YOUR ASSIGNMENT >> Repeat only the lines below that run from the line with "Two jelly fish" to the line with "If You Don't Know Me by Now - Wikipedia", ends included; skip every picture.
--- INFORMATION PROVIDED Enclosed Below ---
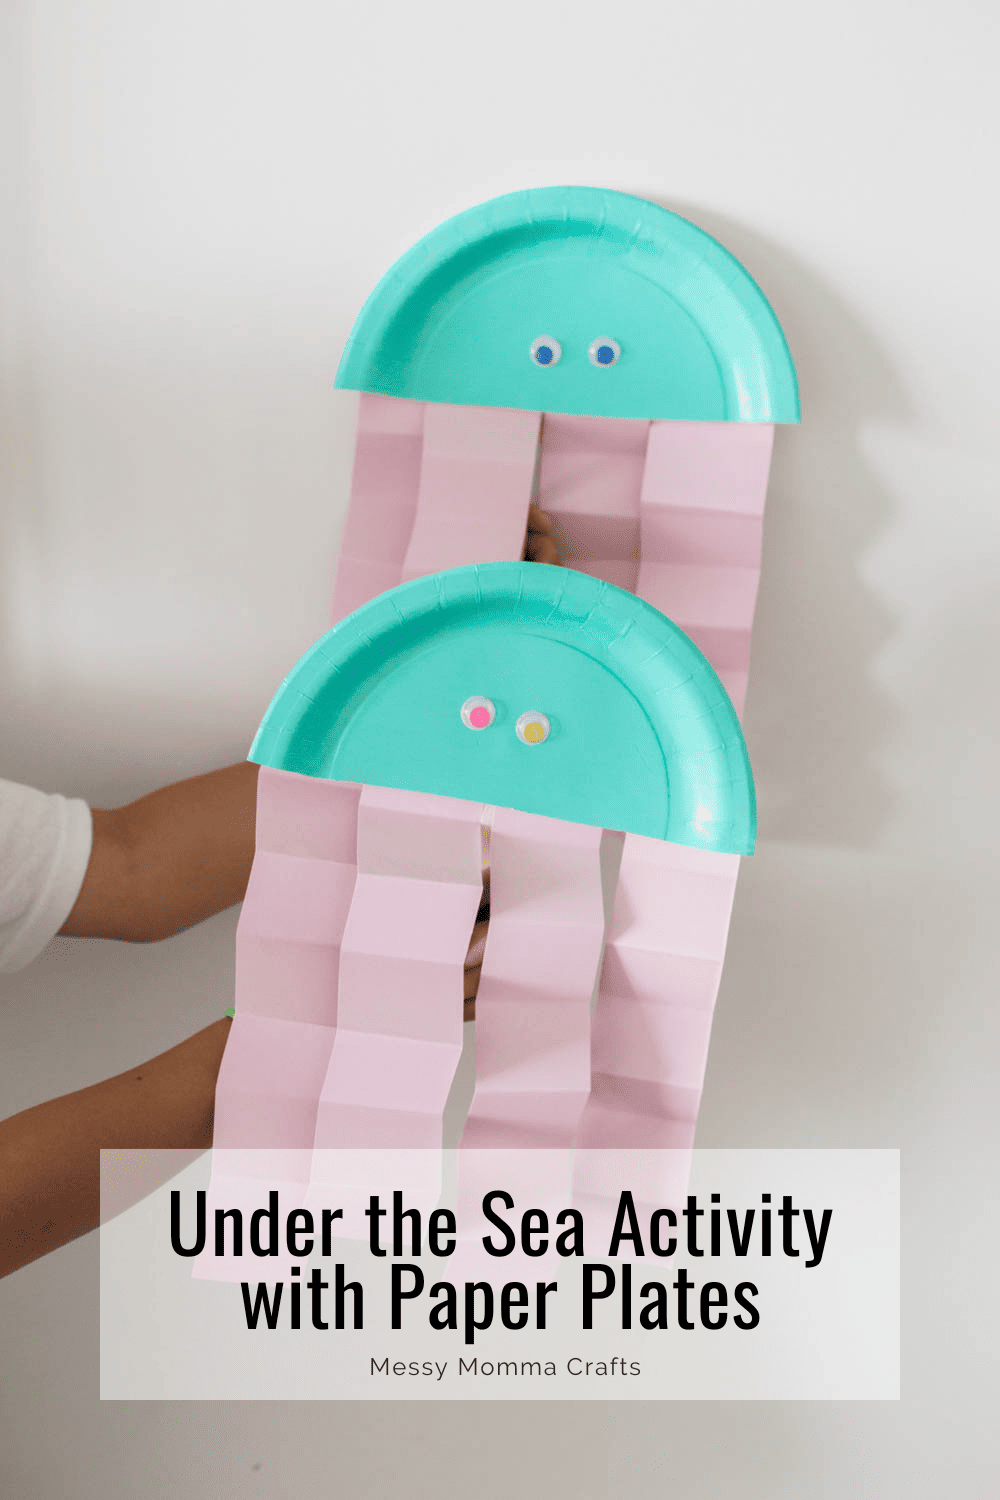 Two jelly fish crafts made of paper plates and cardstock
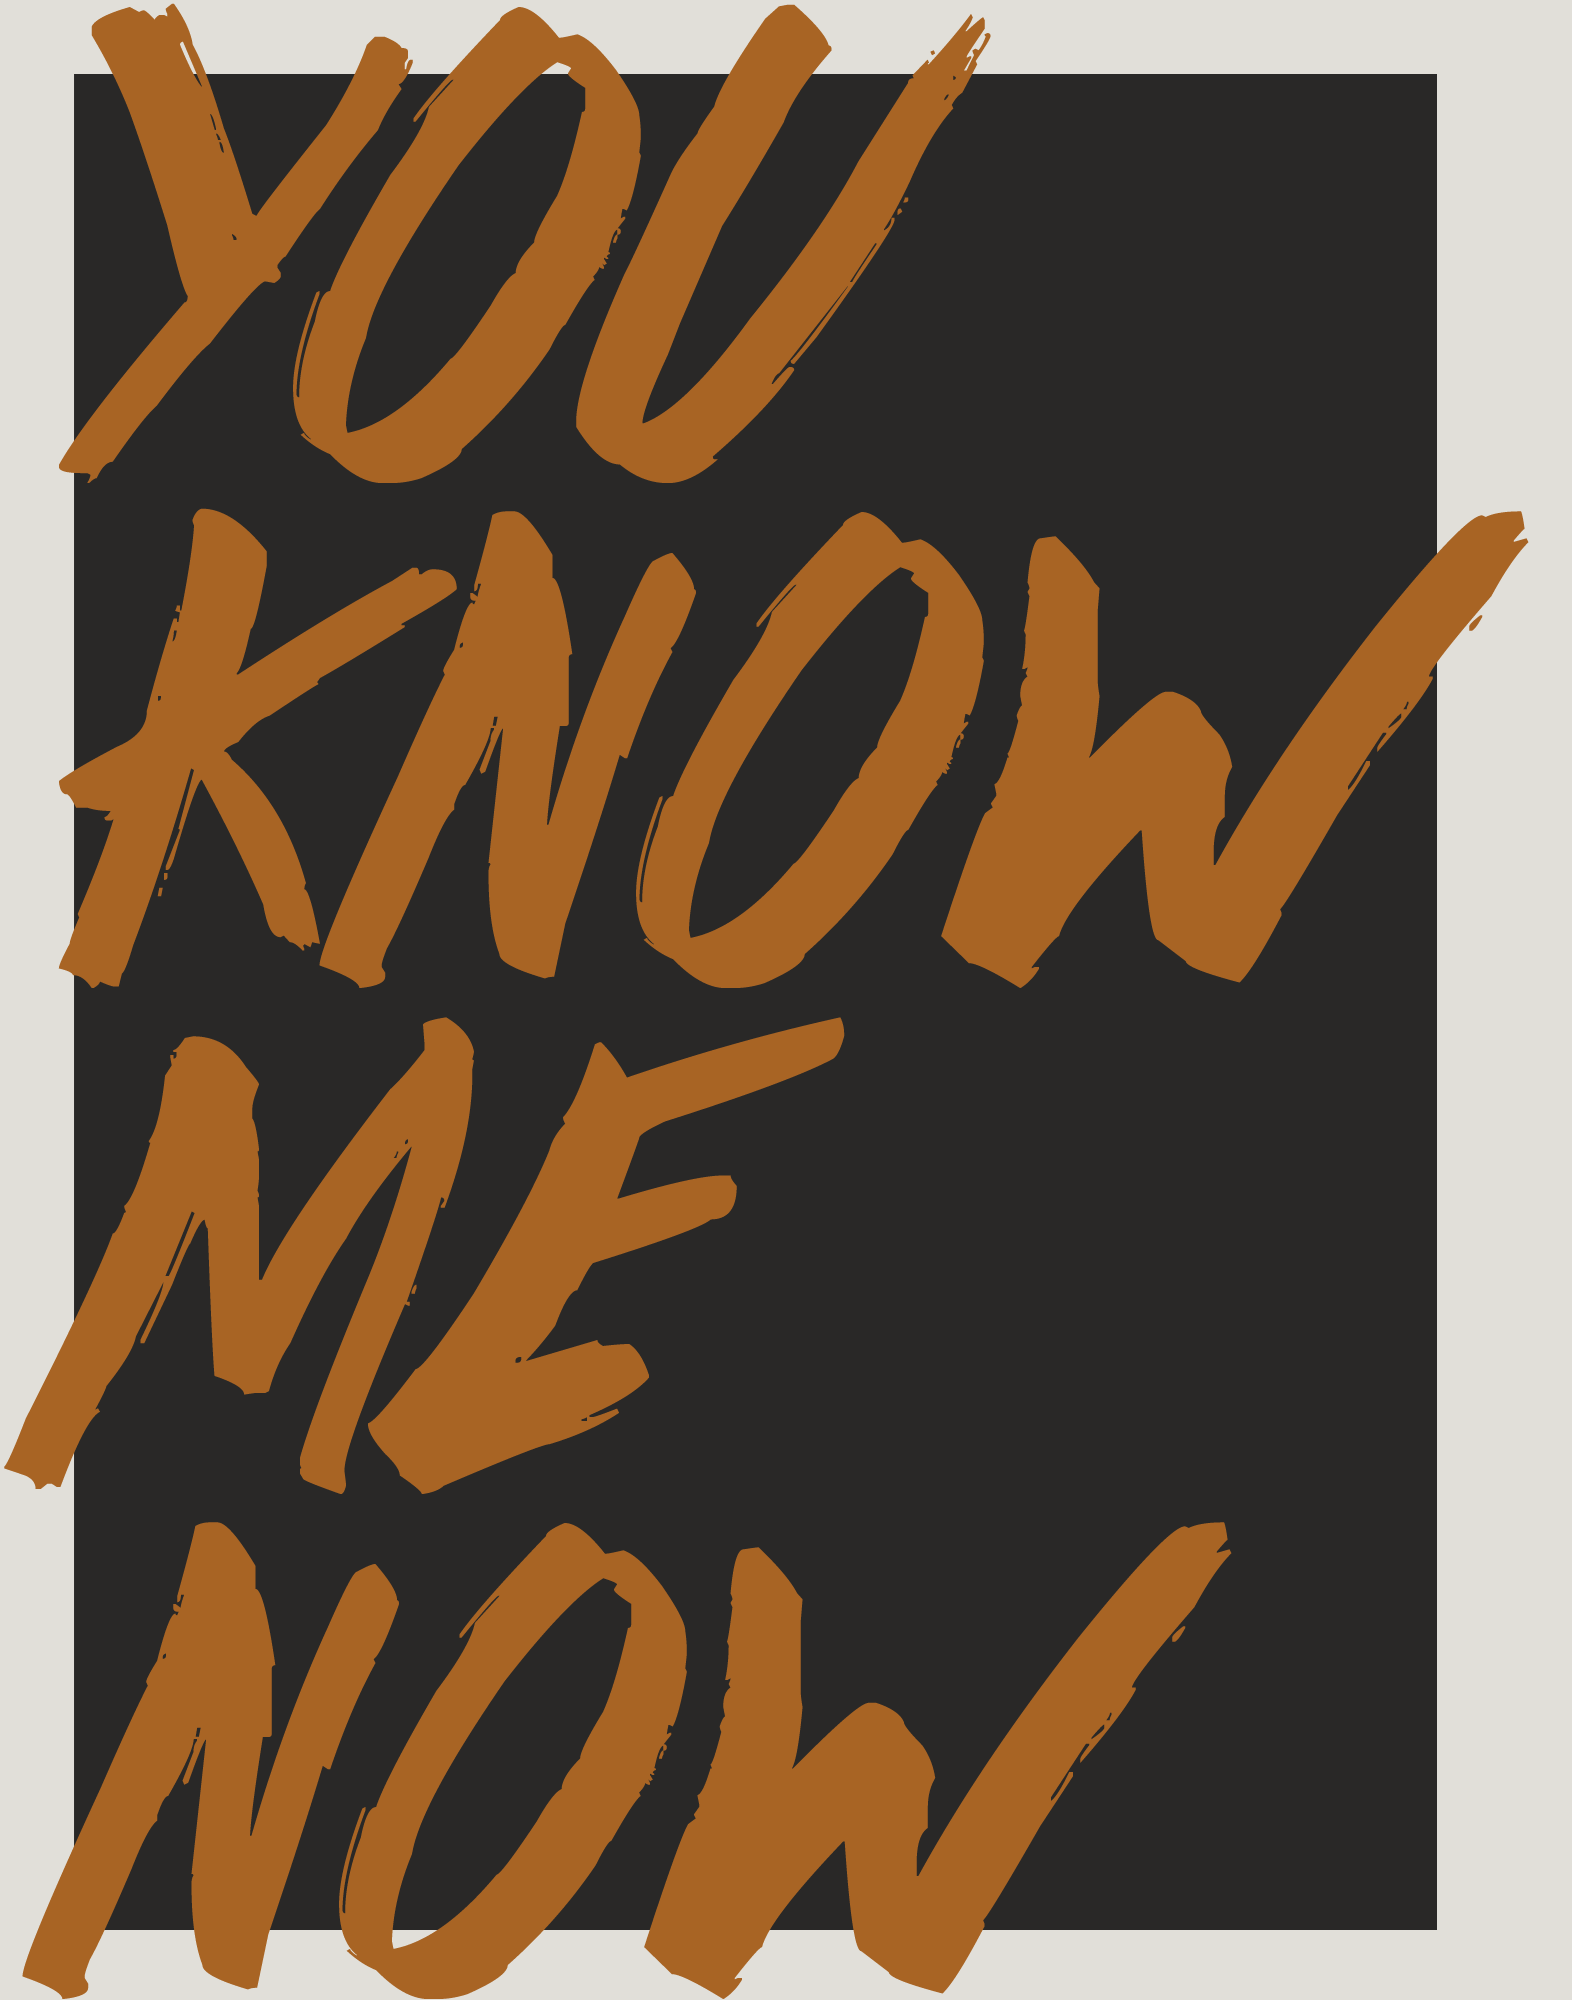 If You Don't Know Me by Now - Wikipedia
--- End of Enclosed INFORMATION PROVIDED ---
--- INFORMATION PROVIDED Enclosed Below ---
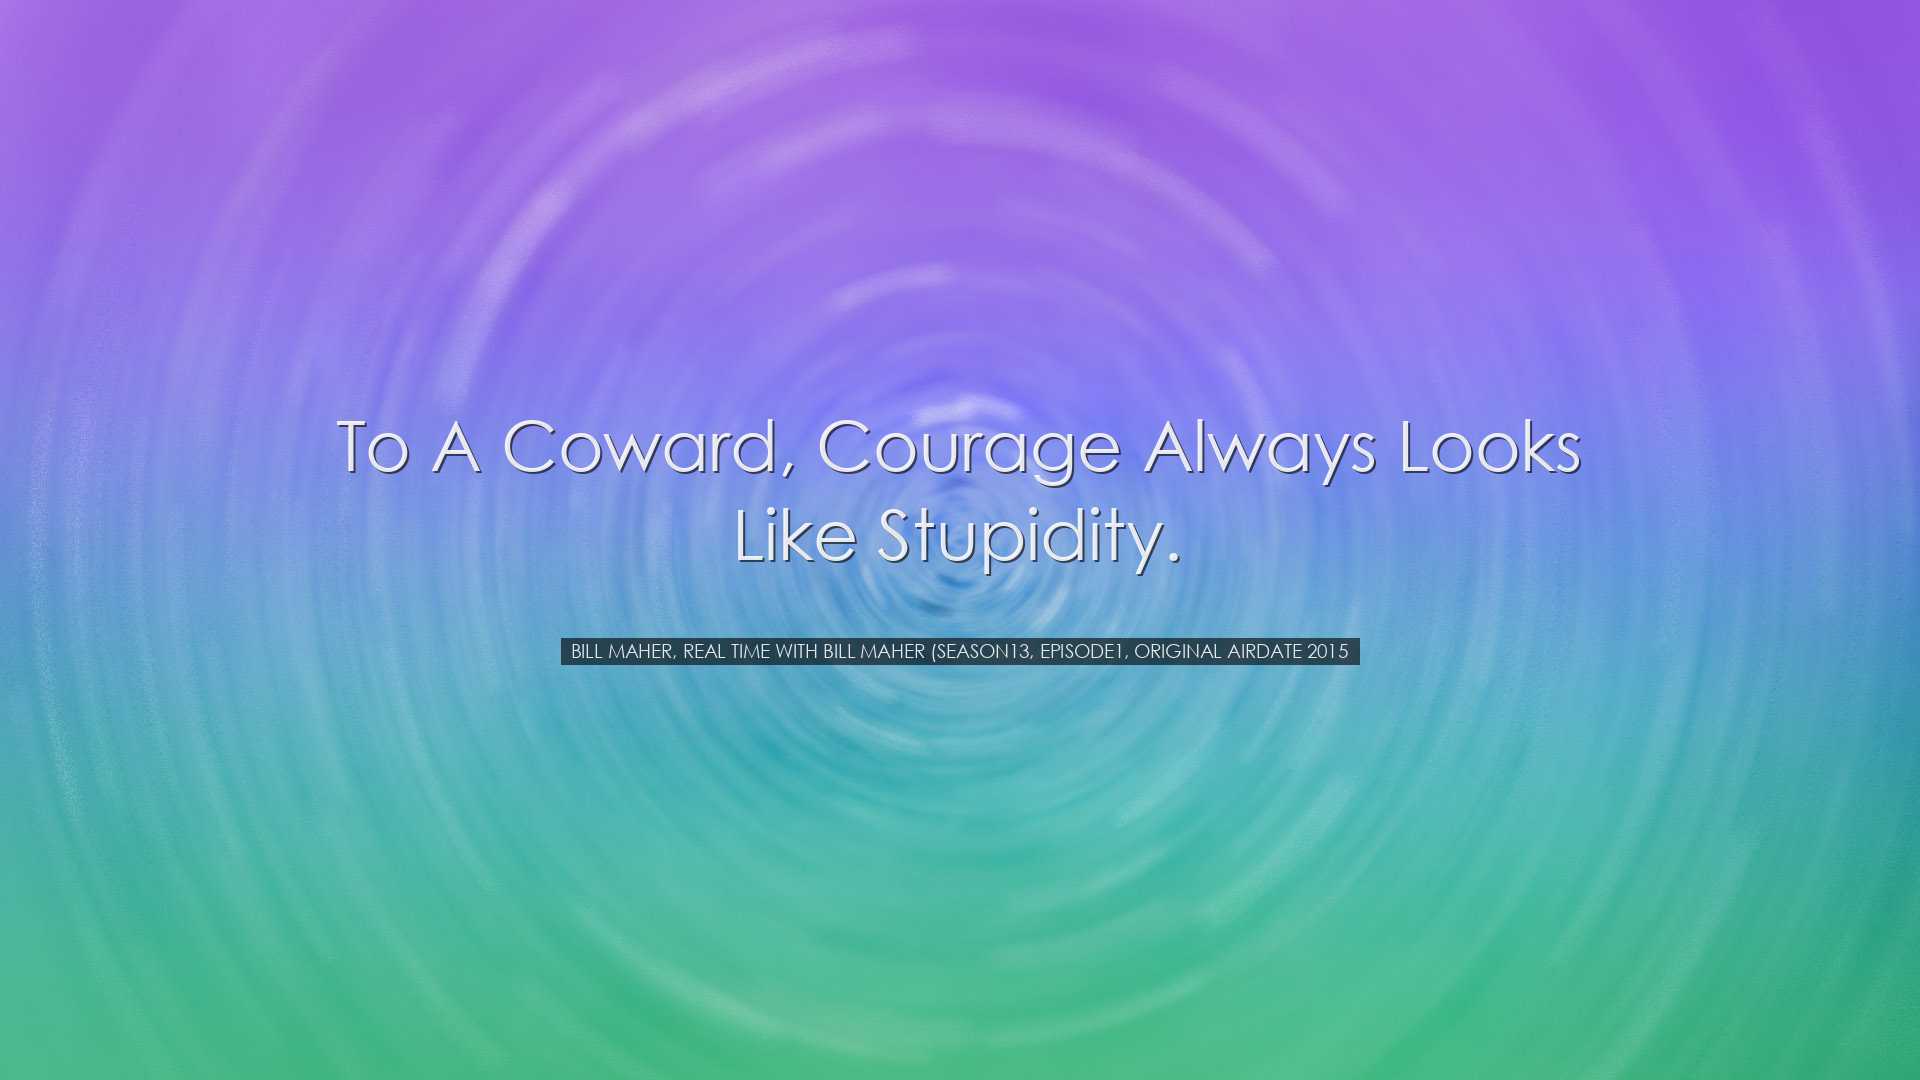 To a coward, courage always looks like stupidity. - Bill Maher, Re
--- End of Enclosed INFORMATION PROVIDED ---
EXPECTED ANSWER >>
 Two jelly fish crafts made of paper plates and cardstock
 If You Don't Know Me by Now - Wikipedia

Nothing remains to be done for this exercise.